Nitish Kumar, Tejashwi Yadav, Prashant Kishor and Samrat Choudhary (Photos: PTI) against the backdrop of a map of Bihar (Photo: NNW/Wikimedia Commons/CC BY-SA 3.0).

Bihar’s assembly elections are seven months away, slated for November 2025. Yet the BJP had sounded the bugle by referencing Bihar in the recent Union budget. This early move underscores a high-stakes contest shaped by political realignments, dignity-centric legacies and growing demands for development, transparency and individual aspirations.

A shifting NDA and the emergence of BJP dominance

A key development since the last state election cycle has been the changed power equation within the National Democratic Alliance (NDA). While the Janata Dal (United) (JD(U)), led by Nitish Kumar, was once the senior partner in Bihar’s NDA bloc, the BJP has progressively gained the upper hand.

Two interlinked factors have shaped this dynamic. Nitish’s political flip-flops – initially distancing himself from the NDA, returning to it and then recalibrating alliances multiple times – eroded the JD(U)’s image as a stable anchor.

Although Nitish remains a significant figure, the BJP’s ability to centralise resources and direct the alliance narrative has substantially reduced JD(U)’s clout: this may well be the eight-time chief minister’s last election before he fades away into irrelevance.

The BJP has strategically cultivated non-dominant other backward classes (OBCs) and non-dominant Dalit communities – historically the JD(U)’s power base – while maintaining its hold over the upper castes. In so doing, it continues to broaden its social coalition, aiming to draw support from segments that previously identified with Nitish’s welfare programs and local governance reforms.

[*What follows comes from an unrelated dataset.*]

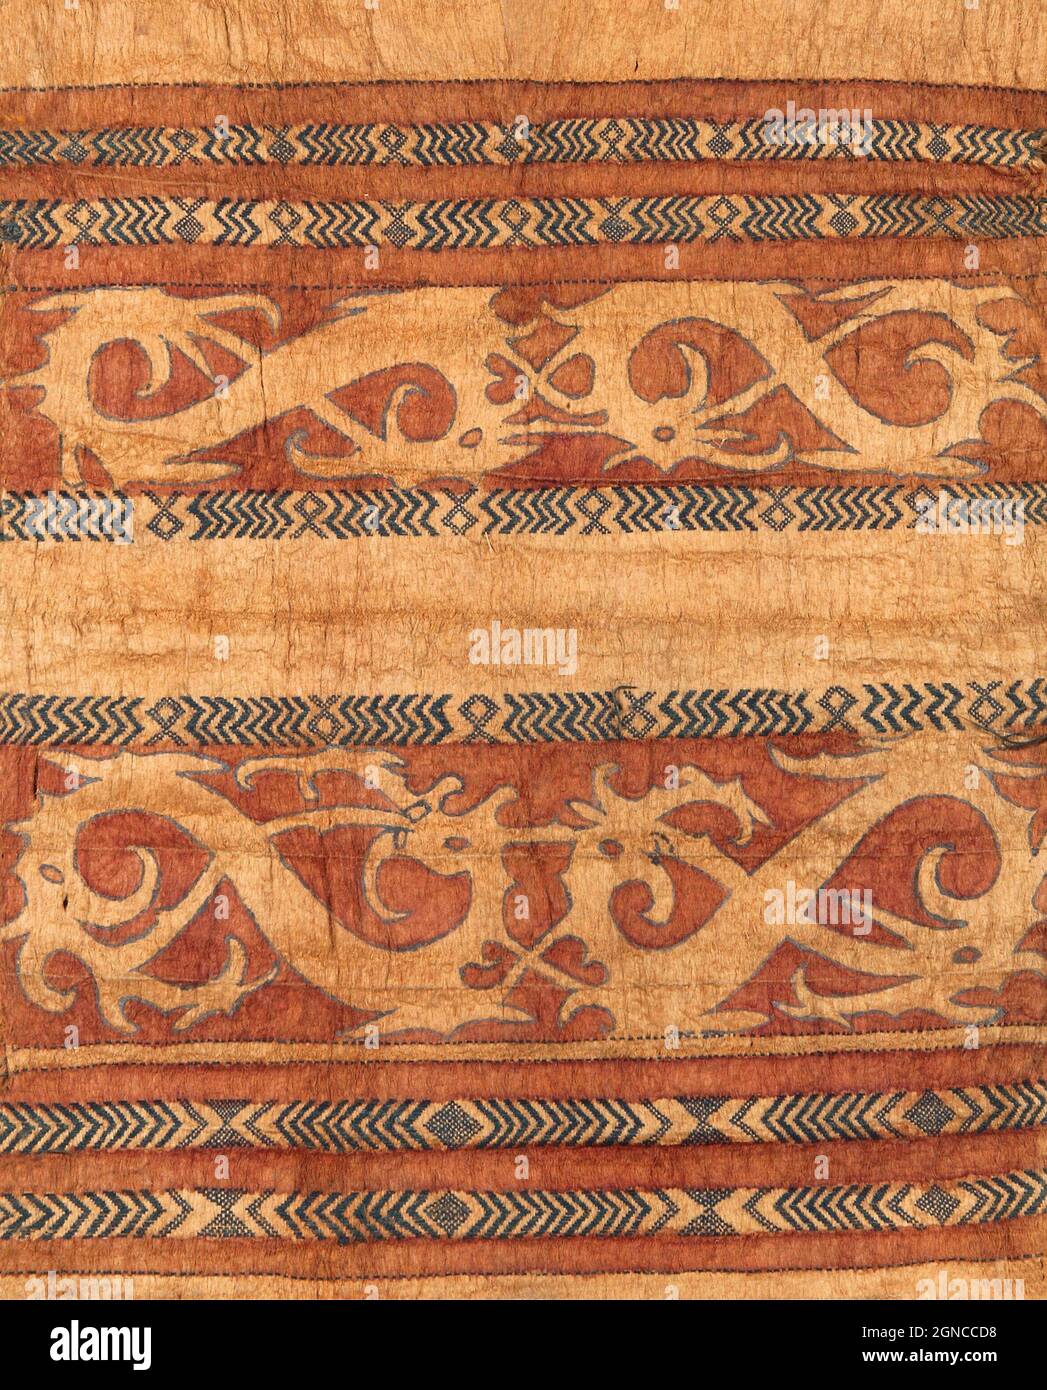 Detail of a Dayak jacket made of beaten bark. This kind of barkcloth clothing was widely worn by various Dayak peoples. However, these were mostly undecorated. Those with decorations like this were intended for the upper classes. They probably wore these jackets on special occasions. The water serpent, also known as the dragon or naga, was a symbol of various Dayak sub-groups. Stock Photo
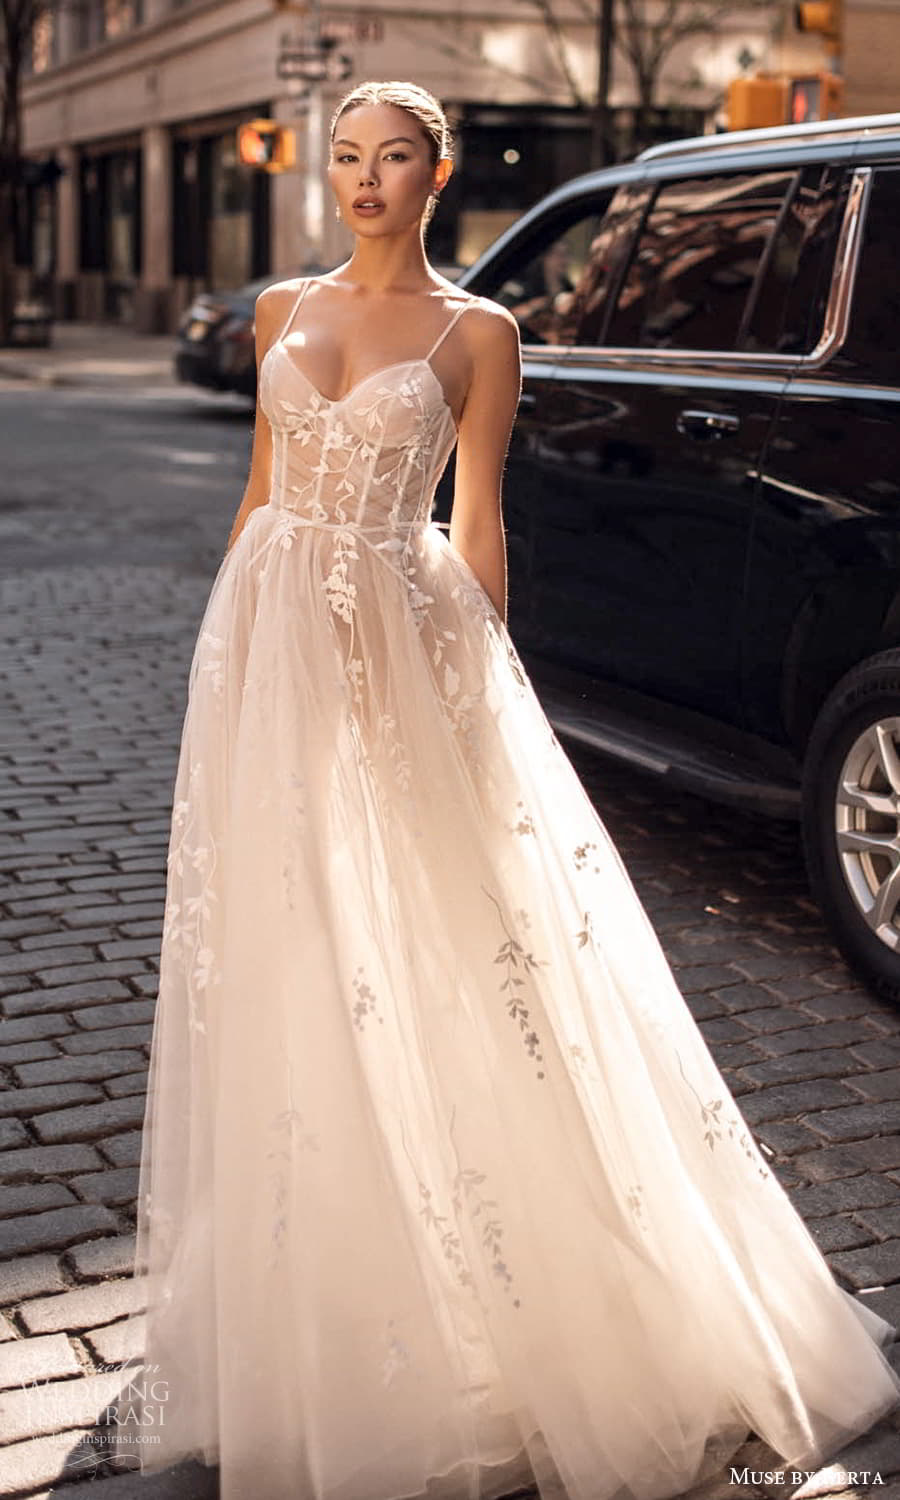 Belle & Tulle Bridal - The new Muse Spring 2022 Wedding Collection

The passing of Ram Vilas Paswan, the formidable chief of the Lok Janshakti Party (LJP) and a beacon of hope for champions of social justice, has left the party at a crossroads as it has struggled to maintain a distinct identity.

Hindutva: the emerging electoral pivot

Despite the overt focus on infrastructure and welfare schemes, the underlying pivot for the BJP’s electoral strategy in Bihar is increasingly communal. Nearly two decades of intermittent rule alongside the JD(U) have allowed the BJP to carefully embed its Hindutva ethos within Bihar’s socio-political fabric. Now, for the first time, Hindutva is being foregrounded explicitly, transforming the electoral narrative.

This strategy has significant implications. Infrastructure development and welfare schemes, when combined with the appeal to Hindutva, create a unique political alchemy. Rather than promote an empowerment-based politics of rights and justice, it fosters relationships of reverence and benevolence between voters and political leaders.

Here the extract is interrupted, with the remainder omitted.